__Source records__
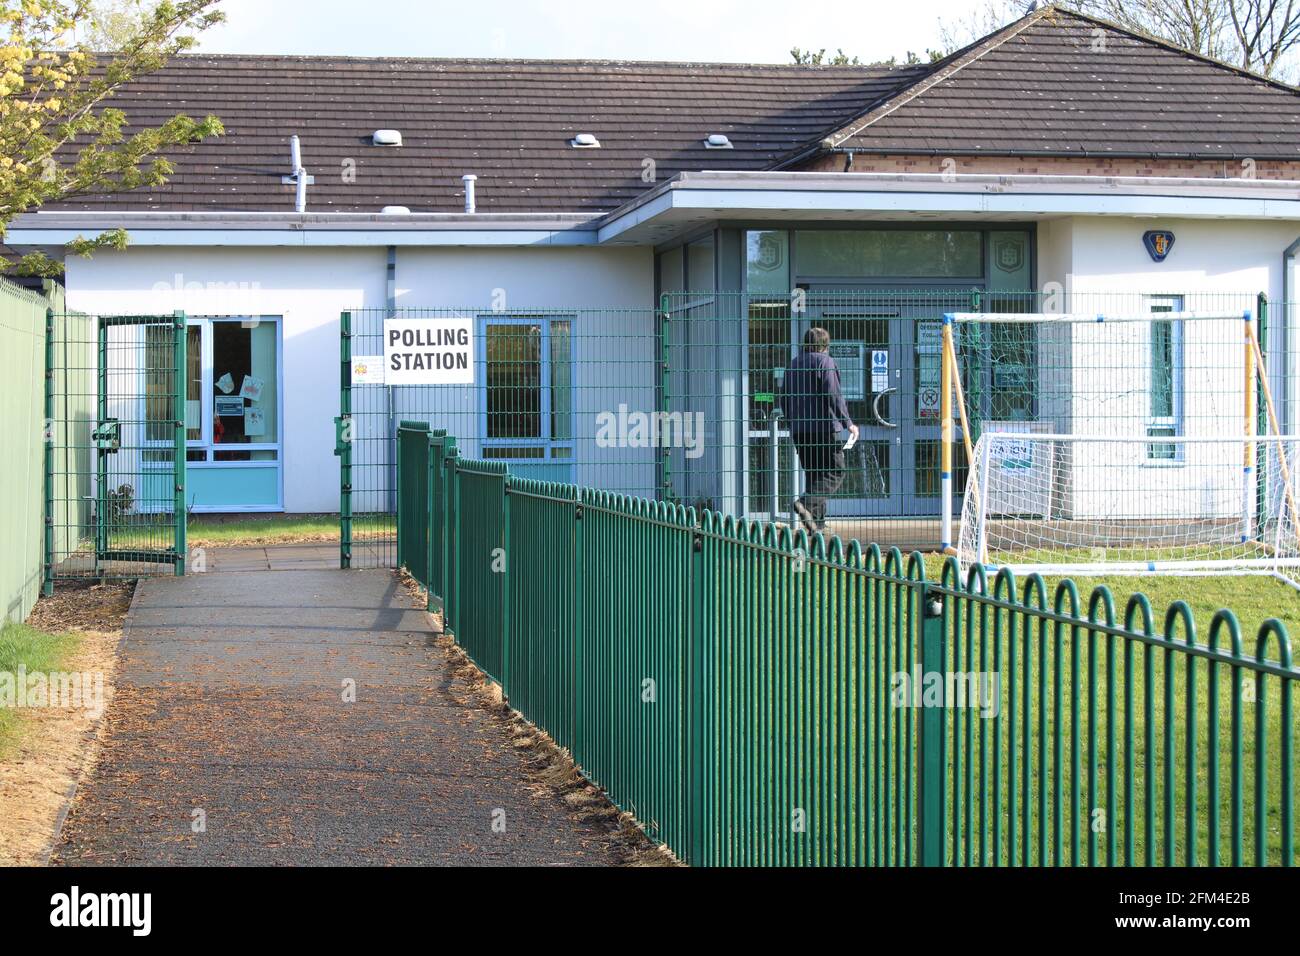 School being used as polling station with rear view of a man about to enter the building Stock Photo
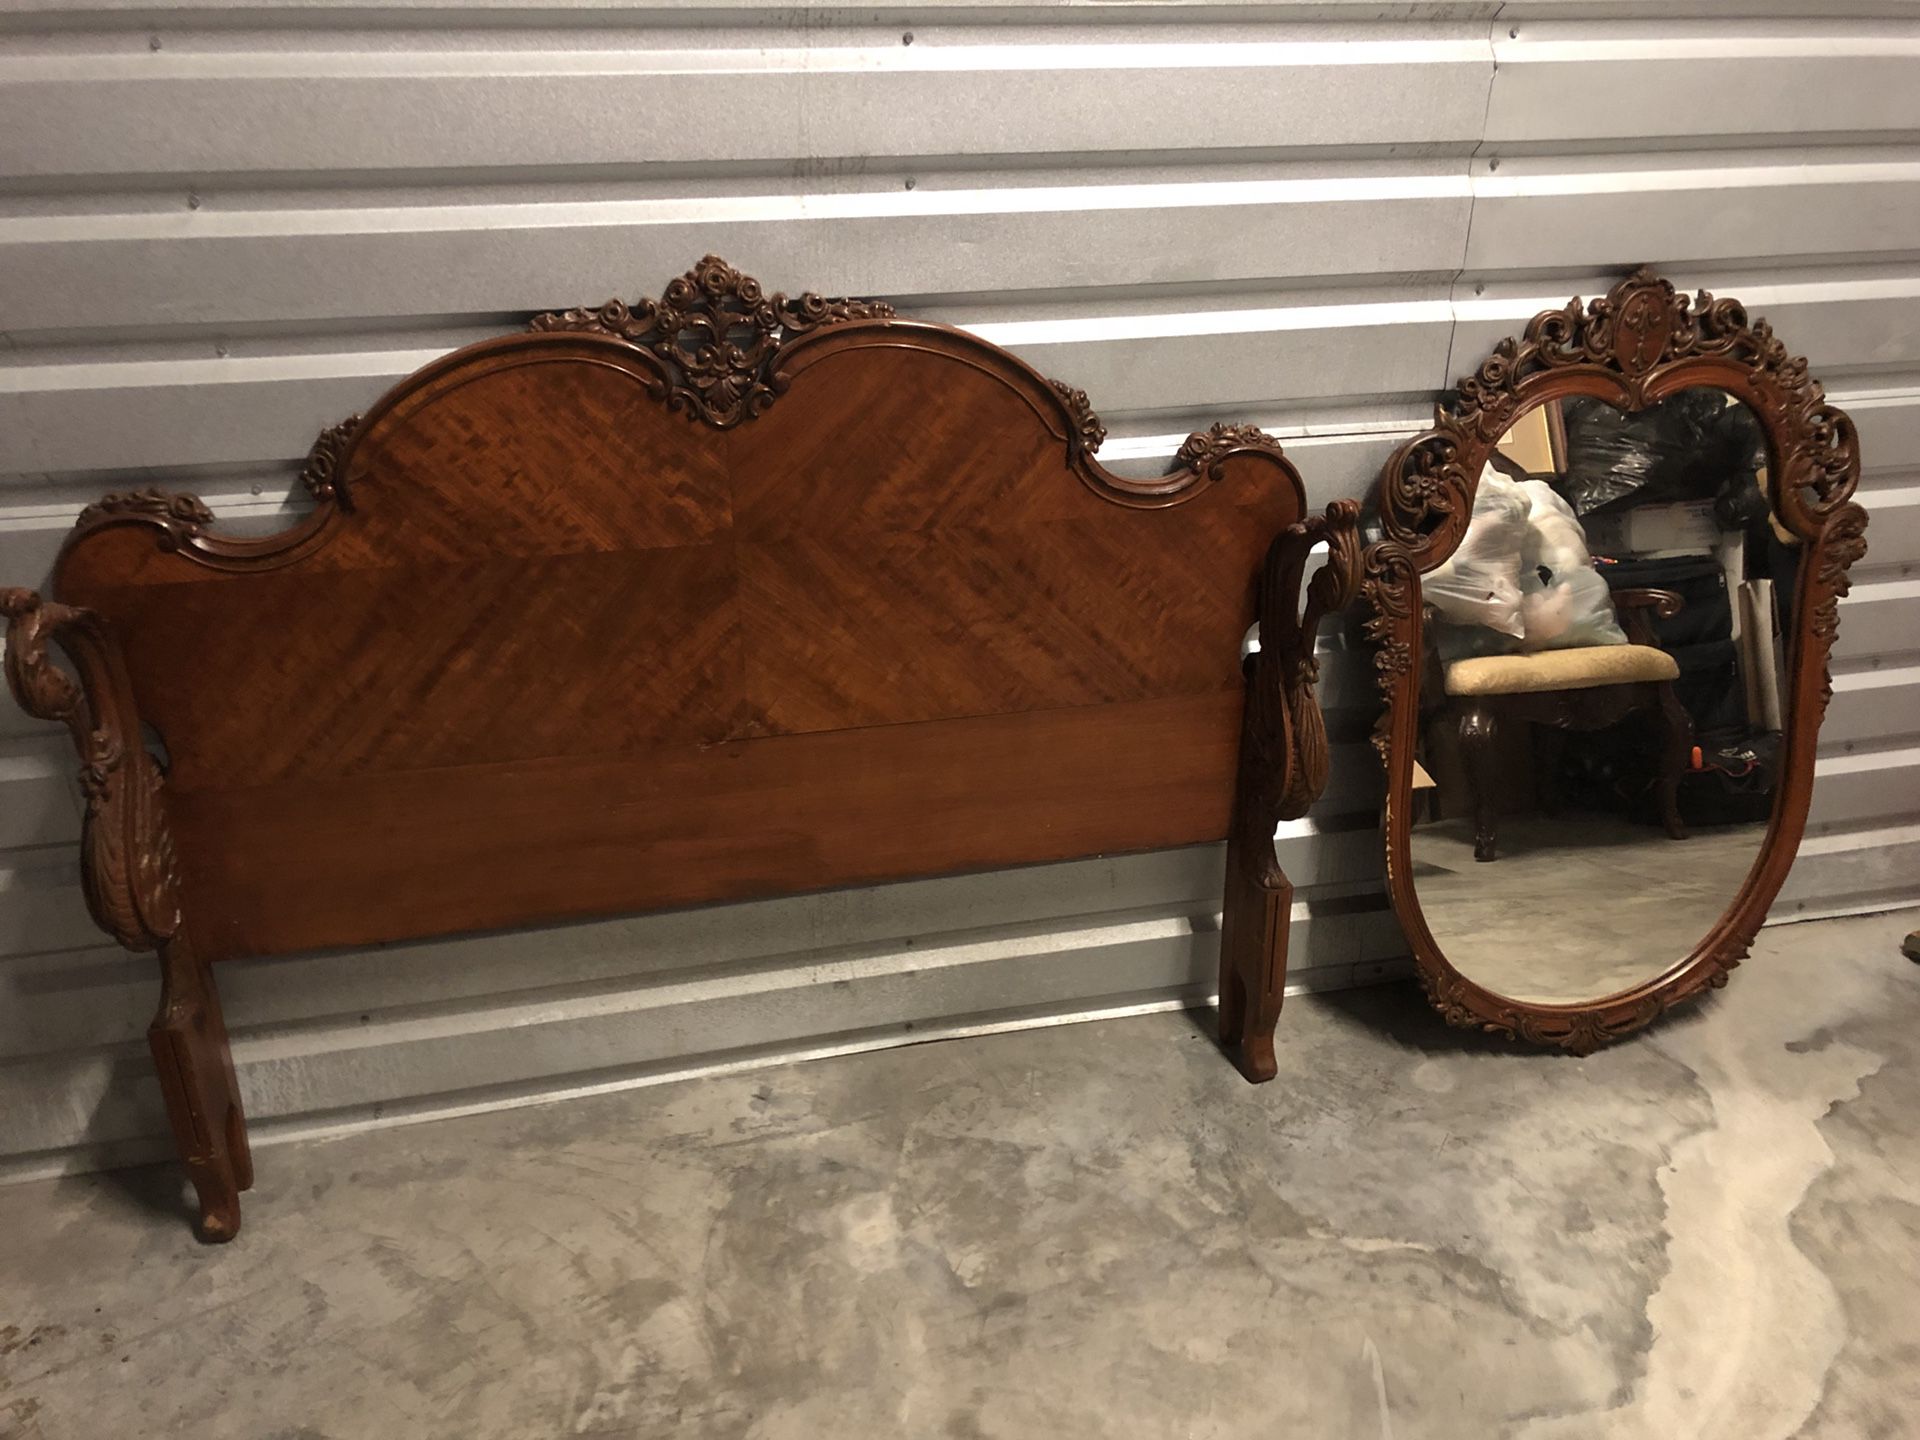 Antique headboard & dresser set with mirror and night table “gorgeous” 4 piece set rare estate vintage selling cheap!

==

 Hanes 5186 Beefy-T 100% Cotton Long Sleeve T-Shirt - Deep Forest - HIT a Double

...

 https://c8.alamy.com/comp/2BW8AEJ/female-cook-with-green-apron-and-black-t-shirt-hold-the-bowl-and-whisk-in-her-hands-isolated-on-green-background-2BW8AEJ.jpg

__Instructions for the task__
Please copy the lines above exactly, starting at the line that holds "School being used" and ending at the line that holds "Antique headboard &"; include both, but no pictures.

__Expected answer__
 School being used as polling station with rear view of a man about to enter the building Stock Photo
 Antique headboard & dresser set with mirror and night table “gorgeous” 4 piece set rare estate vintage selling cheap!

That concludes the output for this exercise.